> [Exercise requirements]
Leave every image out, and print the remaining lines below exactly.

> [Source material]
----

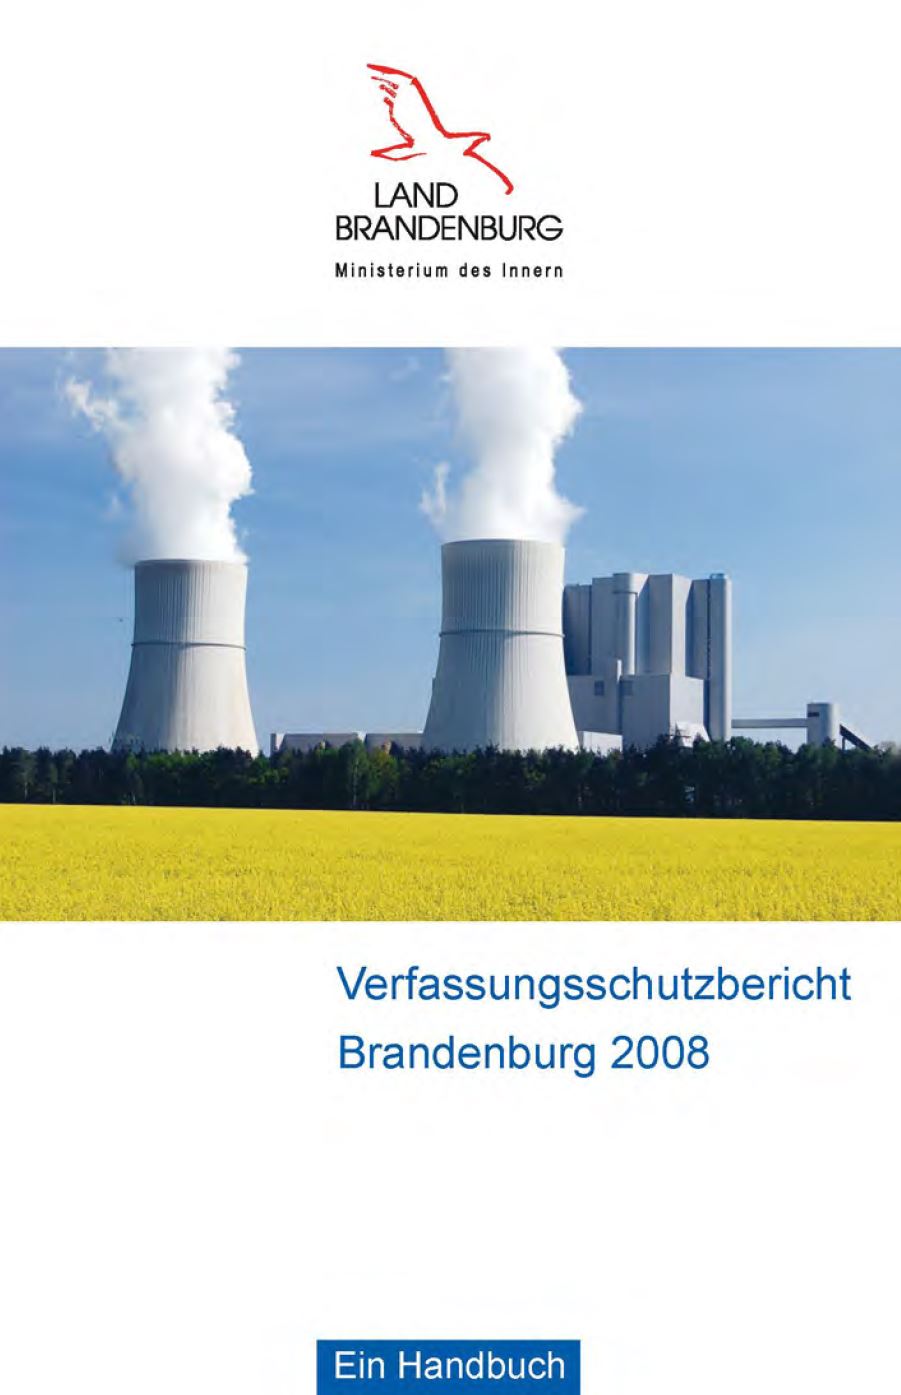 Bild vergrößern (Bild: Titelseite Verfassungsschutzbericht 2008)
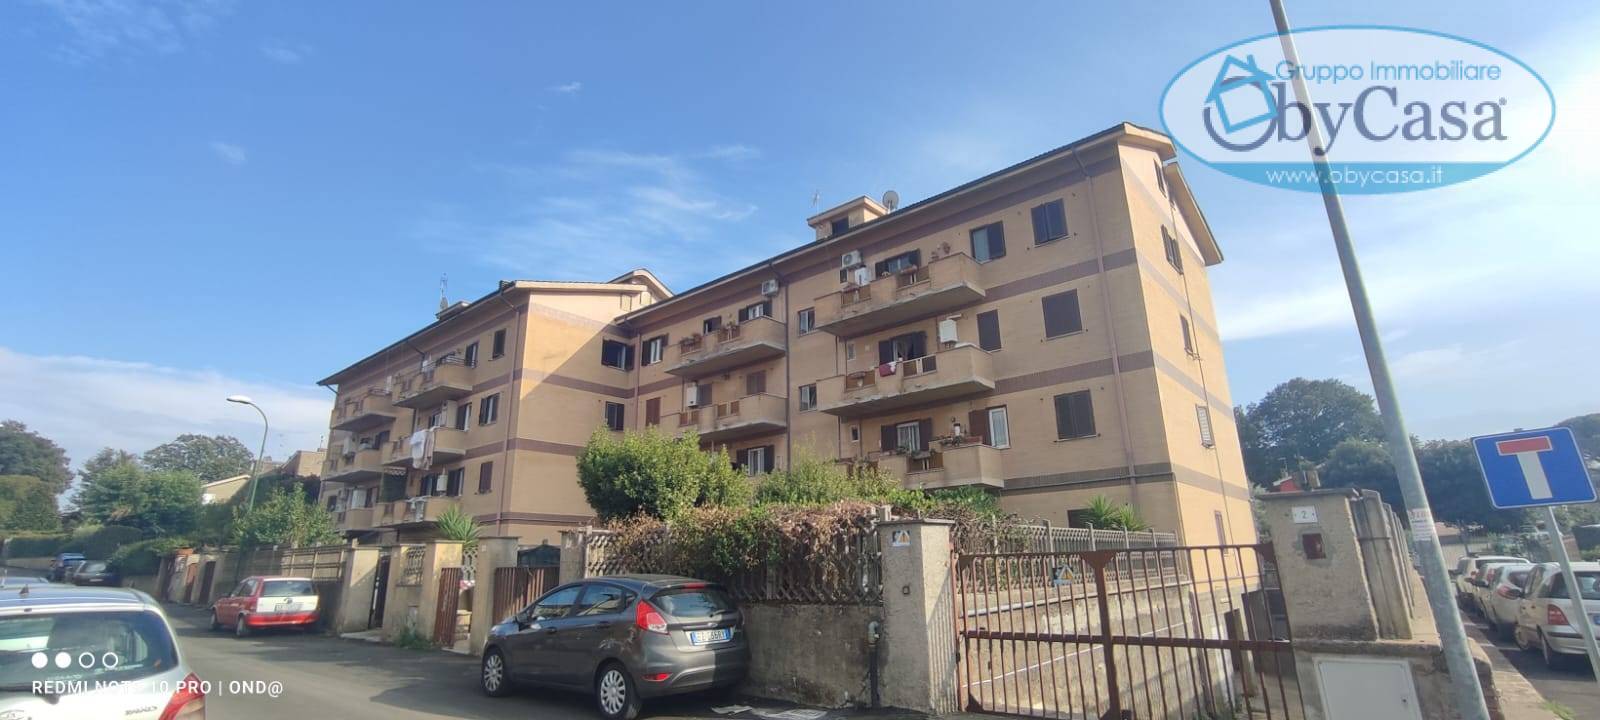 Appartamento in vendita a Manziana, 3 locali, zona Località: legrazie, prezzo € 75.000 | PortaleAgenzieImmobiliari.it
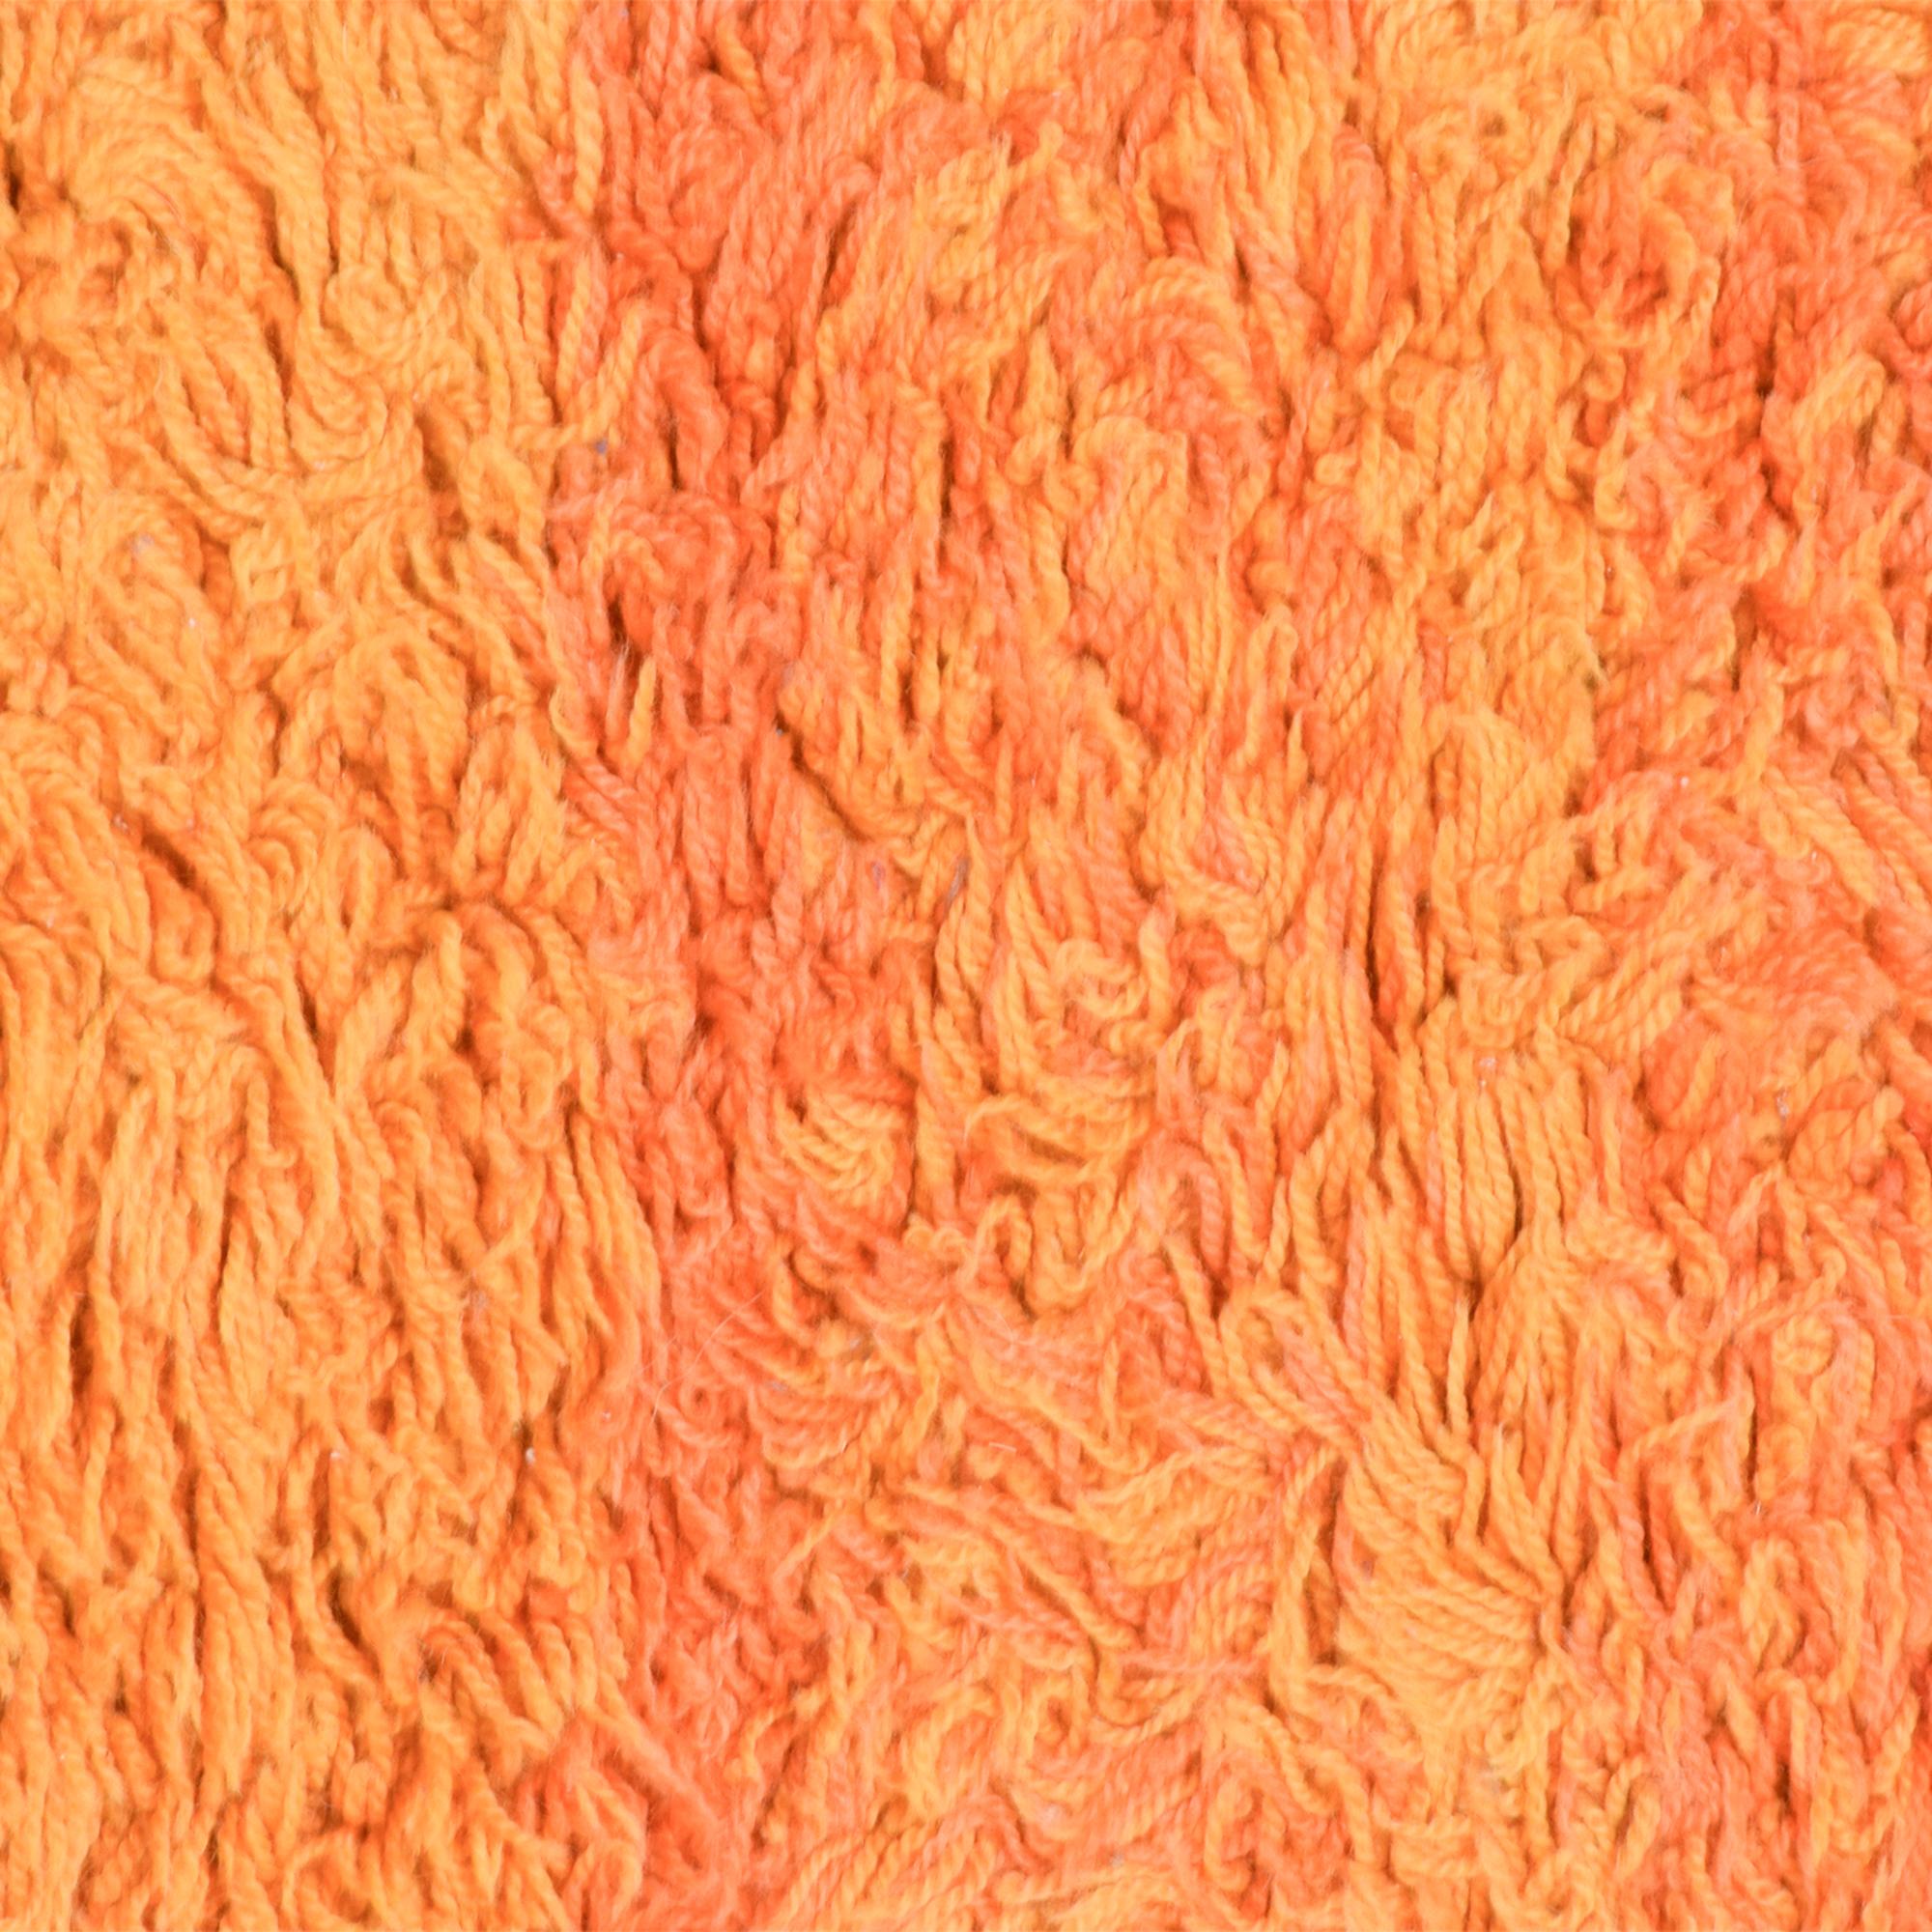 Cotton 1960s Vibrant Orange Rya Rug Tapestry Scandinavian Modern Denmark

----

> [Response box]
 Bild vergrößern (Bild: Titelseite Verfassungsschutzbericht 2008)
 Appartamento in vendita a Manziana, 3 locali, zona Località: legrazie, prezzo € 75.000 | PortaleAgenzieImmobiliari.it
 Cotton 1960s Vibrant Orange Rya Rug Tapestry Scandinavian Modern Denmark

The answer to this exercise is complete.